INSUFFLATIE MET CARBON DIOXIDE VERSUS AIR

Tijdens het inbrengen en vooral tijdens het verwijderen is adequate distensie belangrijk. Momenteel zijn er lage druk en gecontroleerde flow CO2 systemen beschikbaar die voordelen hebben, voornamelijk met betrekking tot de snelheid van CO2 absorptie (100 keer sneller dan lucht), die 15-20 minuten na het beëindigen van het onderzoek door de longen verdwijnt met meer comfort voor de patiënt en een gemakkelijker herstel3..

Algemene Principes

1. Gebruik in principe het draaiwiel in combinatie met kleine rotaties met de klok mee/tegen de klok in van de inbrengbuis om inbrengen binnen de hoeken mogelijk te maken en de inbrengkracht naar de tip toe te maximaliseren.
2. Gebruik de laterale angulatiecontrole zo weinig mogelijk (voornamelijk bij de colonoscopiemethode met één hand), en slechts kleine rotatieaanpassingen wanneer nodig.
3. Niet te veel insuffleren tijdens het inbrengen.
4. Maak frequente uittrekbewegingen om de buis recht te houden, met voldoende lengte voor elke lokalisatie (40 cm in het dalend colon, 50 cm in de splenic flexure, 60 cm in het midden transversaal en 70-80 cm in het caecum).
5. Gebruik lichte sedatie en maximaliseer de kijkhoek met veranderingen in positie.
6. Reageer op de klachten van de patiënt bij het verwijderen van de tube en luchtzuigen.
7. Als de tip niet vooruit komt, probeer dan verschillende combinaties van positieveranderingen, manuele druk en kleine rotaties van de tube. Overweeg een verandering van endoscoop.
8. Tijdens het inbrengen kan het langzaam naar binnen duwen door een lus een laatste redmiddel zijn.
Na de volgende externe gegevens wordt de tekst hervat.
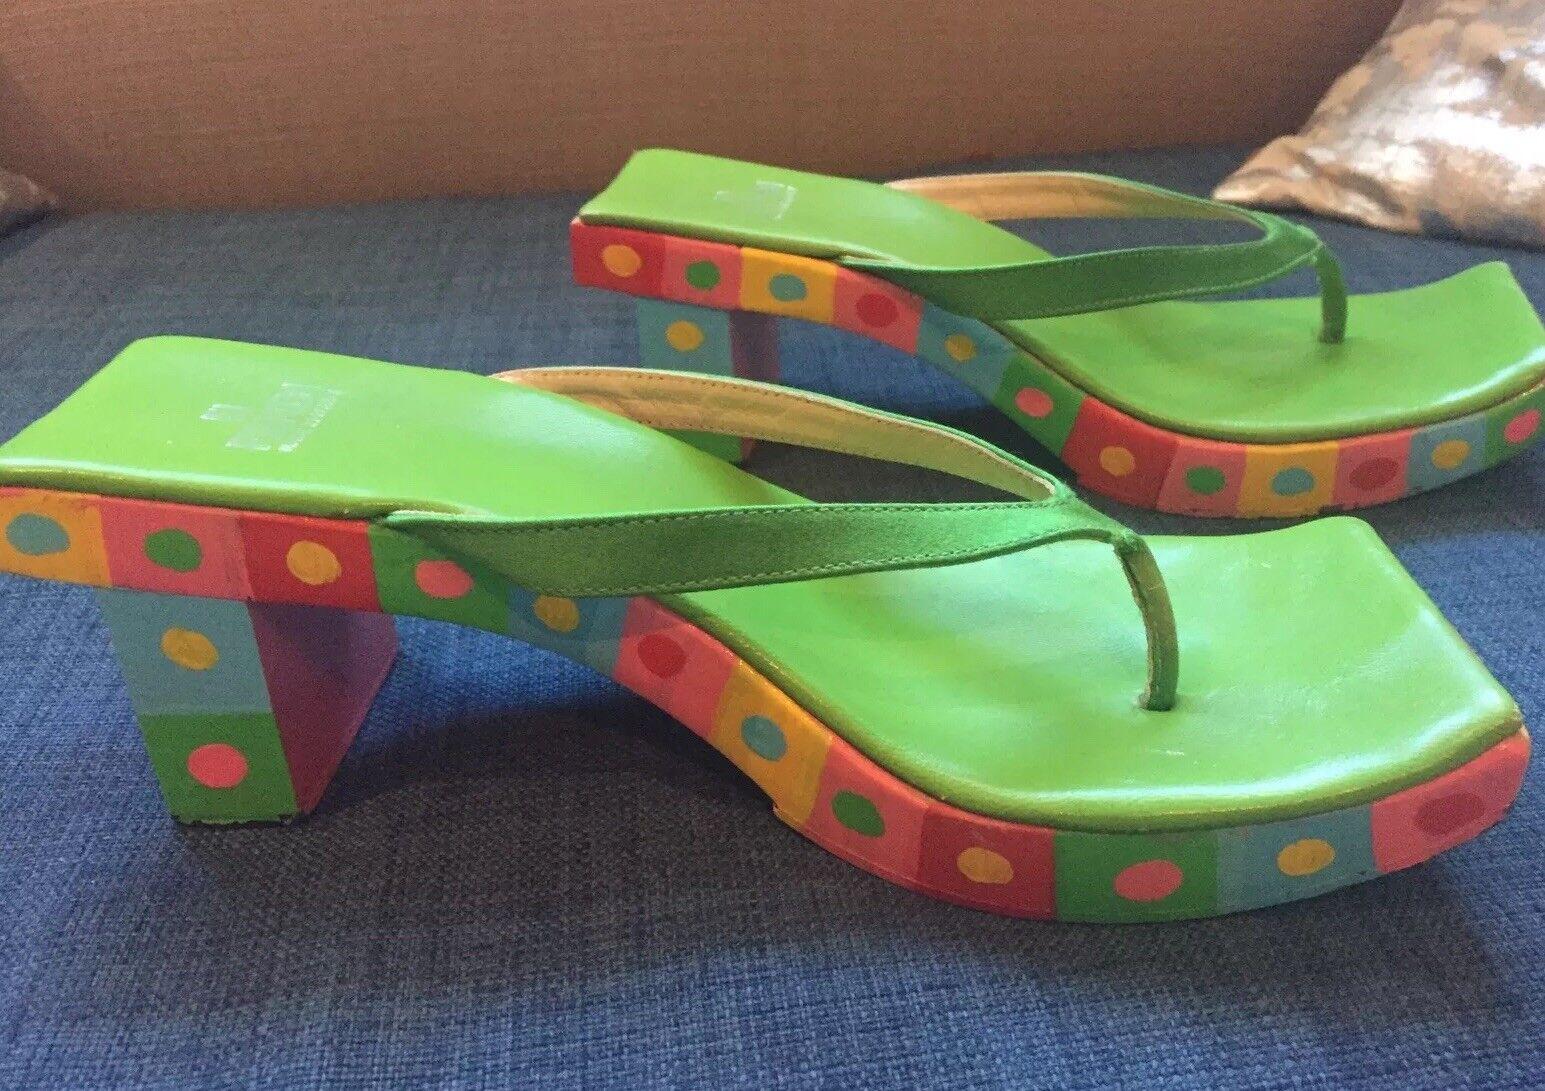 vendita di offerte Fendi vintage 1990s wood wood wood heel sandal rare   a prezzi accessibili

Vergeet niet de endoscoop recht te trekken zodra deze door de bocht 2-4 is.

Controlesectie

De kop van de endoscoop of controlesectie is ontworpen om met twee handen te worden bediend (fig. 2):
– De linkerhand houdt de kop vast en de linkerduim maakt op/neerbewegingen met de positieregelaar.
– De rechterhand bedient het laterale regelwiel.
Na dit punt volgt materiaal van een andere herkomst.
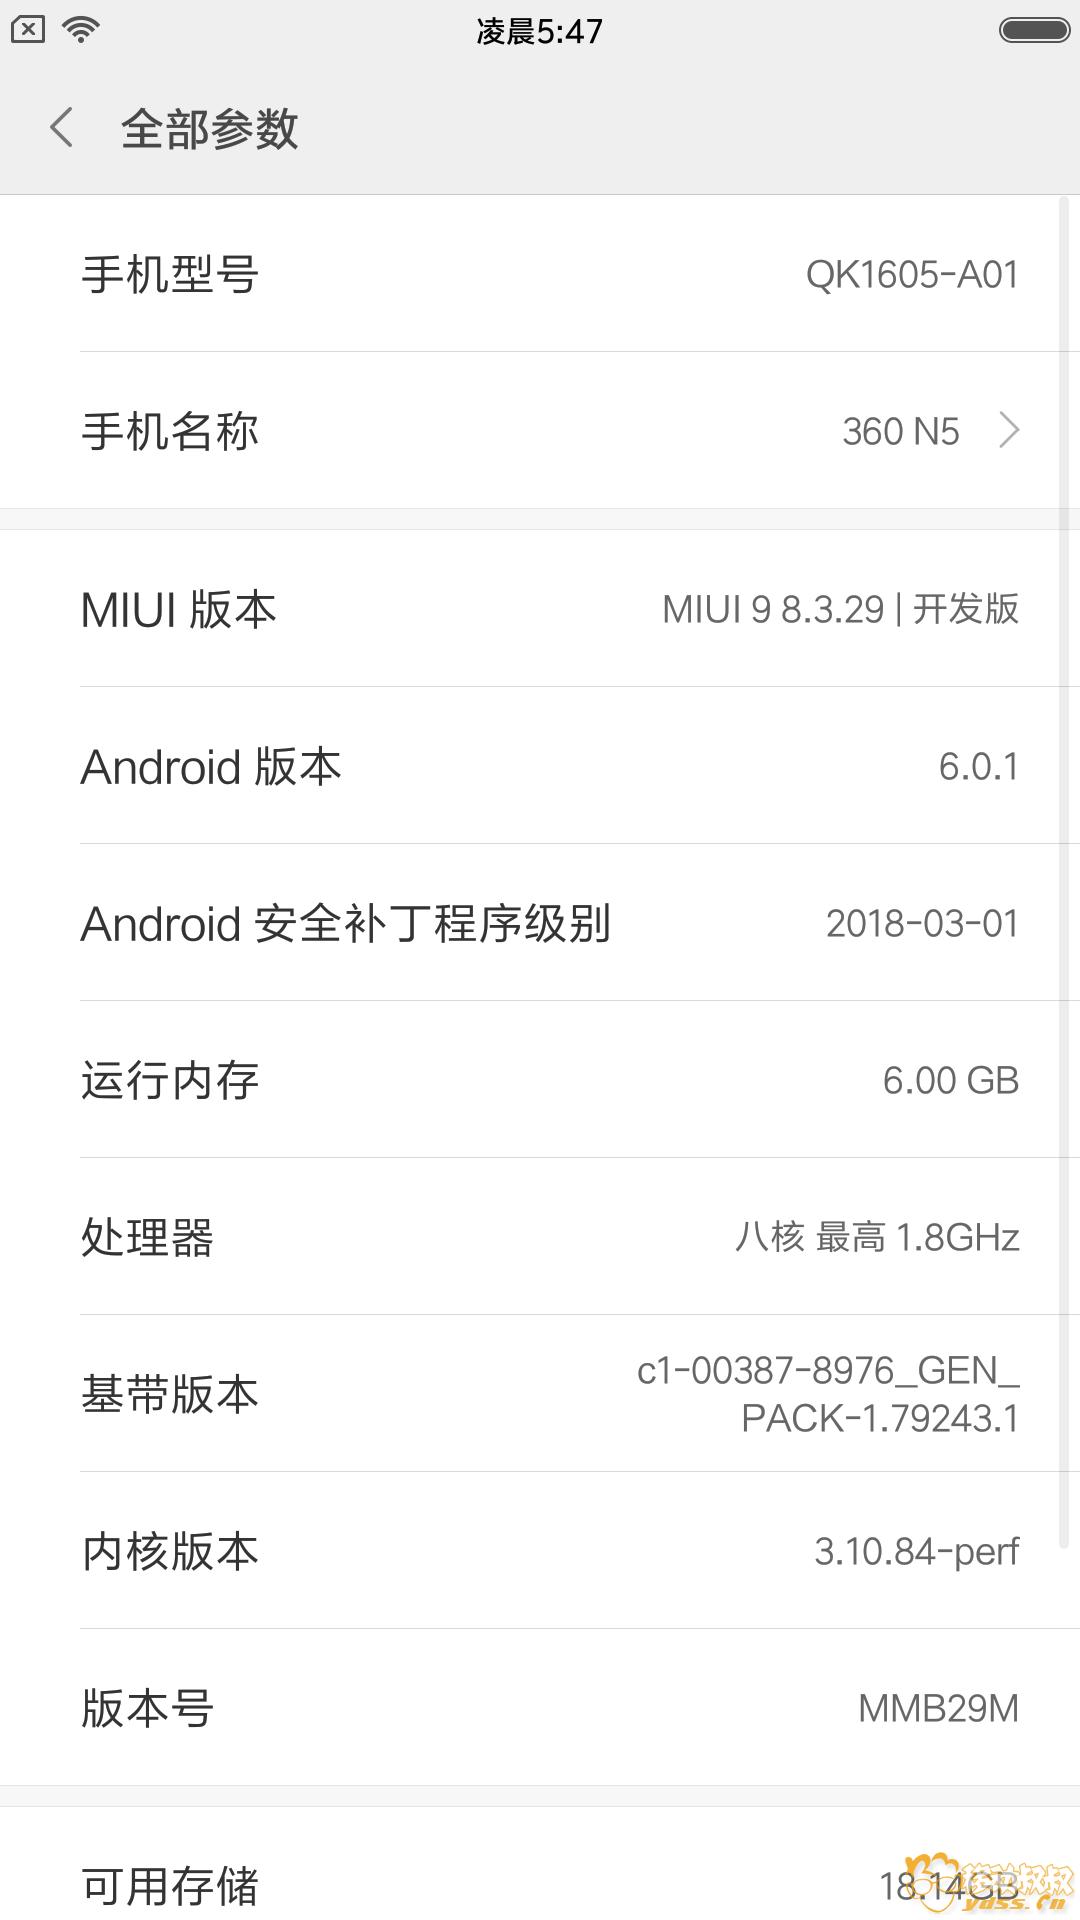 Screenshot_2018-04-05-05-47-51-838_com.android.settings.png

Een goed onderzoek vereist een gecoördineerde bediening van de regelwielen en de inbrengbuis, reden waarom veel endoscopisten de voorkeur geven aan bediening met één hand (fig. 3). Bij een eenhandige techniek bestuurt de duim beide draaiwielen met behulp van de middelvinger. De rechterhand bedient de inbrengbuis en houdt deze op 25-30 cm van de anus, waardoor de inbrenging soepeler verloopt door een effectievere rotatie.

Patiëntvoorbereiding

De endoscopist houdt rekening met de essentiële en algemene aspecten van alle procedures, zoals de geïnformeerde toestemming van de patiënt of de sedatie voor het uitvoeren van de test, die niet in dit boek zijn opgenomen5.
De patiënt zal worden geïnstrueerd over voedingsadviezen (geen resten 48 uur voor de test en vocht de dag ervoor), inclusief het drinken van veel vocht en het toedienen van verschillende oplossingen om de dikke darm te reinigen (polyethyleenglycol, magnesiumzouten, natriumfosfaatoplossingen of klysma’s). De behandeling met ijzer moet 3 dagen voor de test worden stopgezet. De patiënt moet nuchter zijn.

Techniek

De meest geschikte houding om het onderzoek te beginnen is met de patiënt in linker laterale decubitus positie geplaatst met de dijen gebogen en de rechter knie rustend voor de linker.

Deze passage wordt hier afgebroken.